Утро встретило его свинцовым небом. Он знал, что день будет решающим. День, когда он либо утвердит себя, либо потеряет всё. Потеря Зимы, словно невидимая рана, кровоточила в душе каждого "универсамовца". Его отсутствие в эти дни, его связь с "чужой", его "усталость" – всё это наложилось на общее горе и разочарование. Он был виноват. И он должен был расплатиться.
"Сходка" была назначена на старой промзоне, заброшенном месте, где воздух всегда пах железом и тлеющими надеждами.
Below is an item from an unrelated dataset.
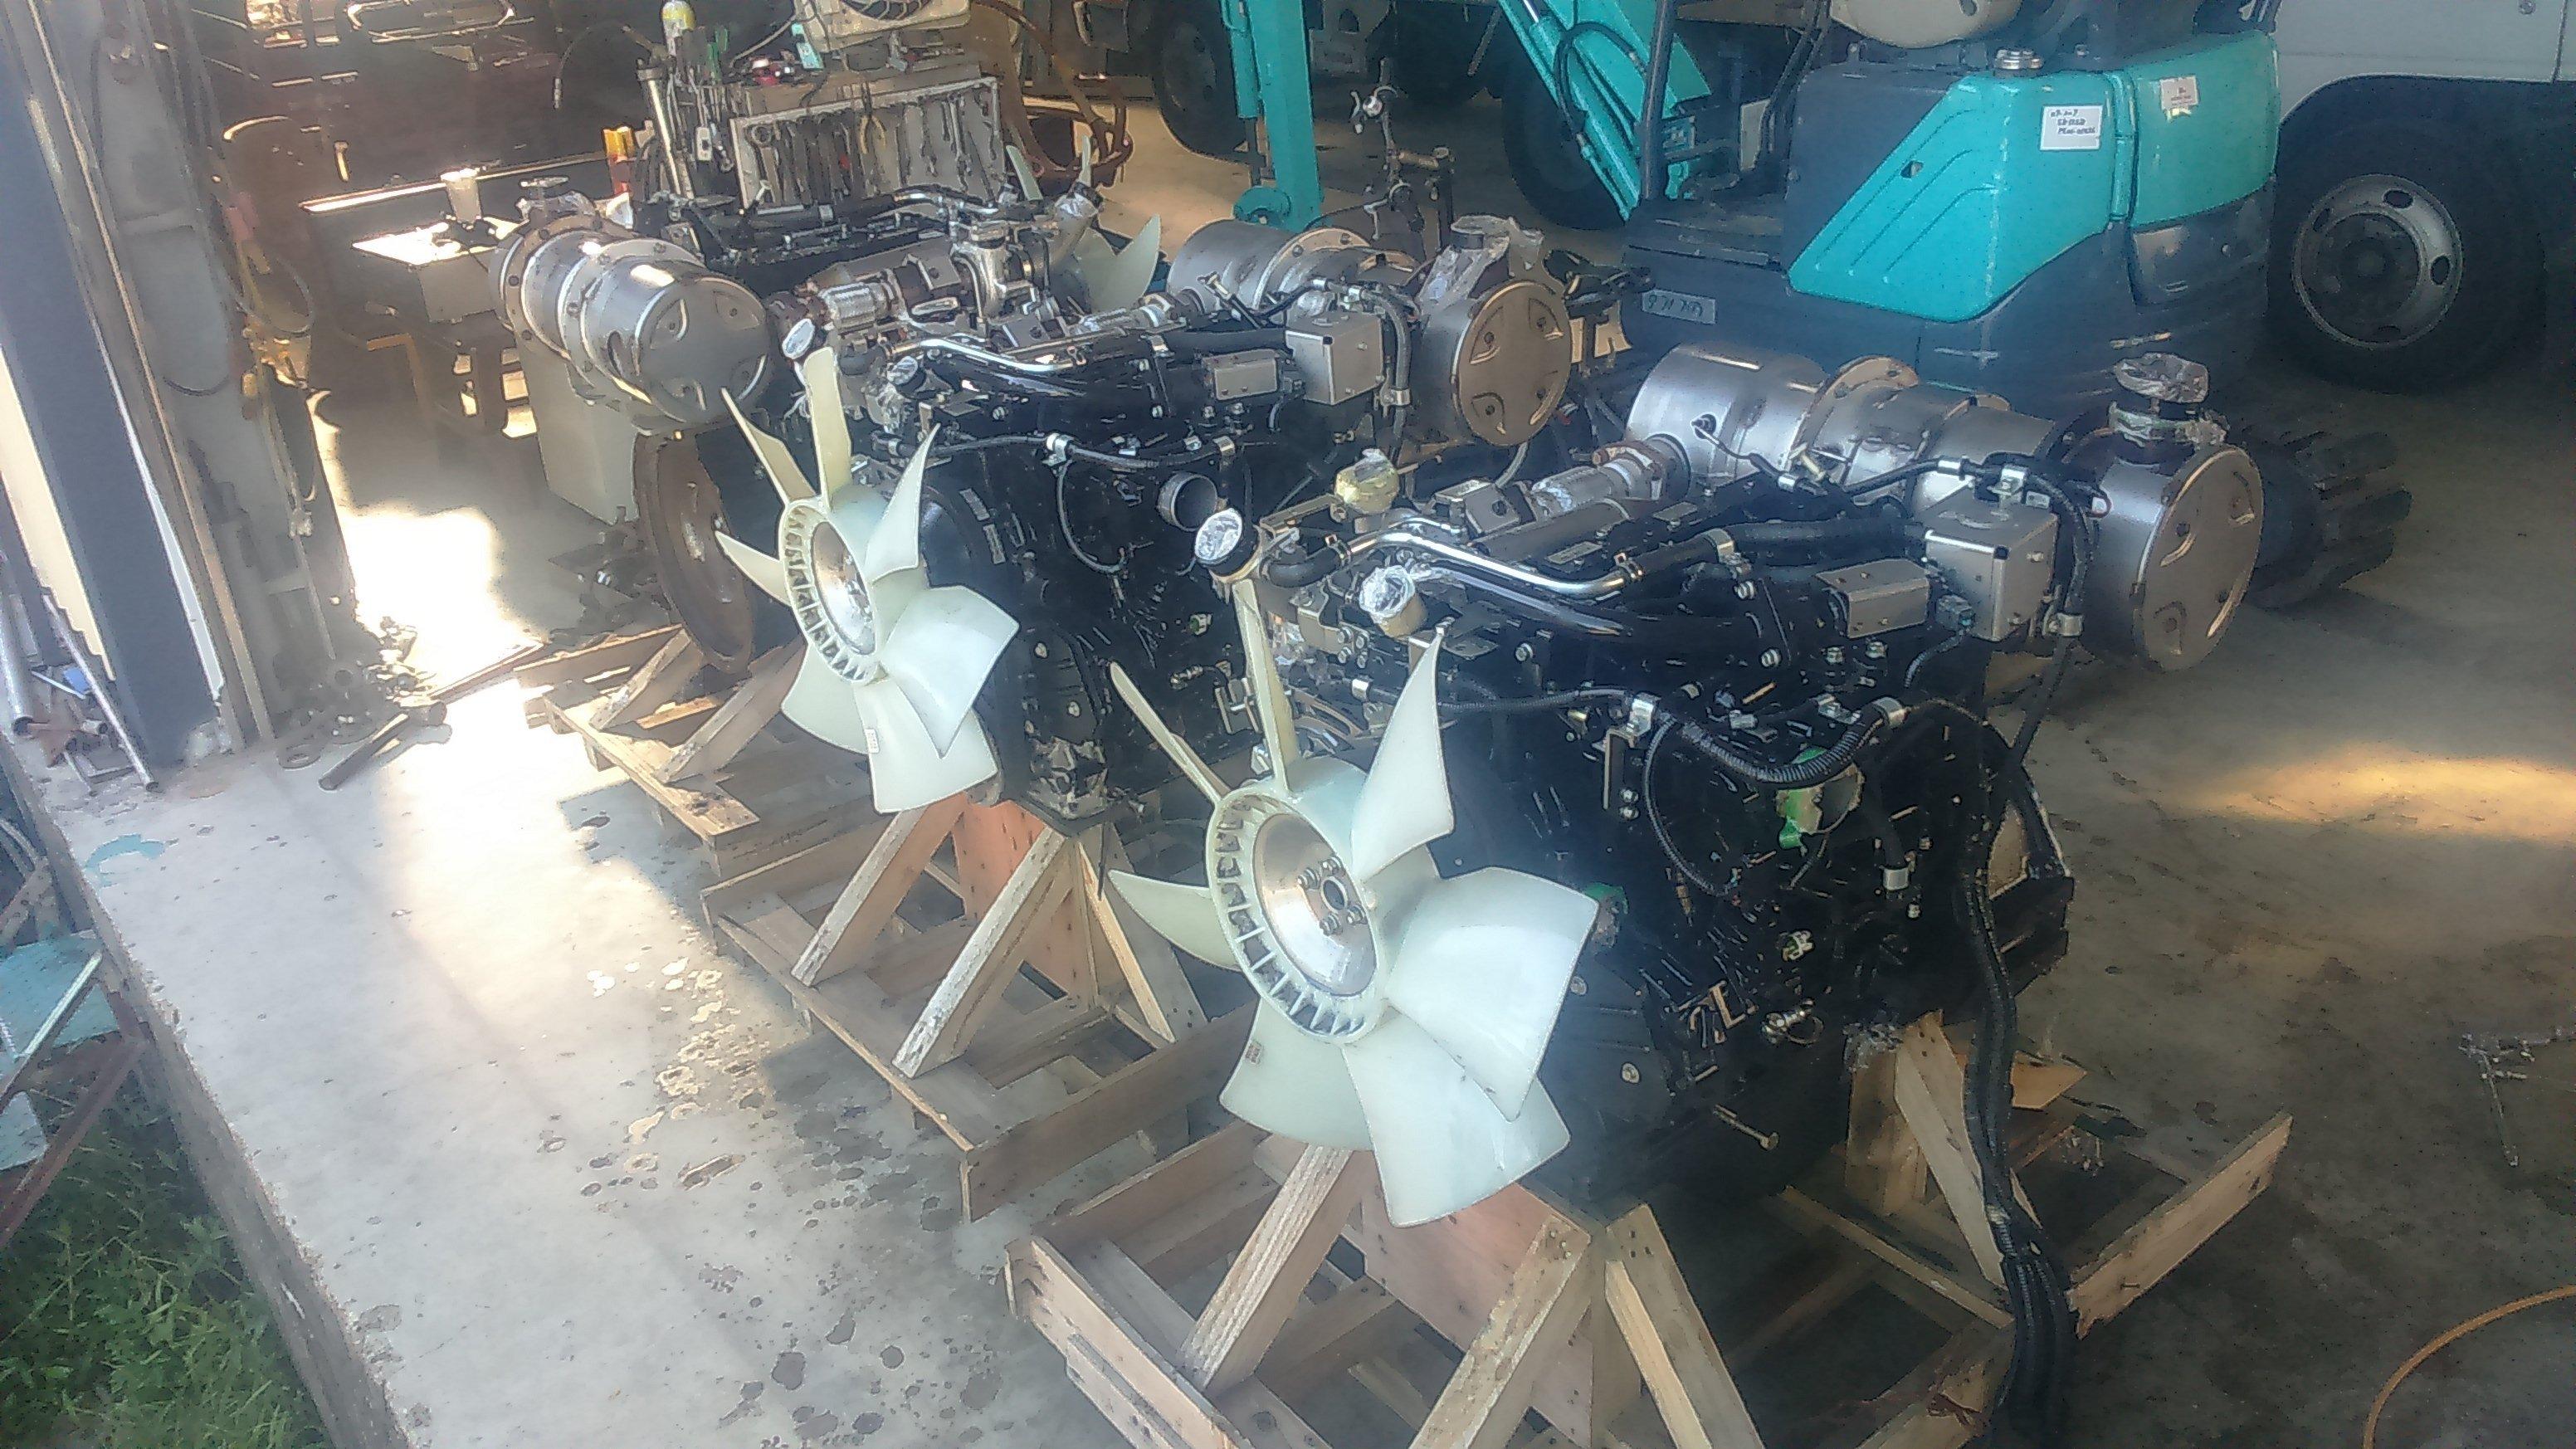 日本外匯 挖土機 三菱D04EG柴油引擎 2014年 kobeco sk135sr-3 sk140 sk130sr+-3 sk85

Место, где решались самые суровые вопросы. Он пришел первым, намеренно. Чтобы показать, что не боится, что готов. В его глазах не было ни тени страха, только выжженная решимость.
Они подтягивались по одному, затем группами. Марат, Адидас, все знакомые лица. Но теперь в их взглядах не было прежнего товарищества. Только холодное ожидание. Он видел, как они изучают его, взвешивают, решают.
Адидас встал в центре круга, его фигура казалась монументальной на фоне мрачных остовов разрушенных зданий. В его глазах горел огонь, но это был огонь не гнева, а холодной расчётливости.
— Мы собрались здесь, чтобы рассудить, – начал Адидас, его голос разносился по промзоне, словно приговор. – Рассудить того, кто забыл, что такое свои. Того, кто забыл, что такое улица.
Он слушал, не моргая. Каждое слово было направлено ему в лицо, словно плевок.
— Нас мало, – продолжал Адидас. – И каждый из нас должен быть за своих. За улицу. За то, во что мы верим. А когда кто-то отлынивает, когда кто-то бежит, когда кто-то… крысятничает… это бьёт по всем.
— Я не крыса, – его голос был хриплым, но твёрдым. – Я никогда не крысятничал.
— А что же это было, когда ты пропал? Когда дела решали? Когда каждый был нужен? А ты где был?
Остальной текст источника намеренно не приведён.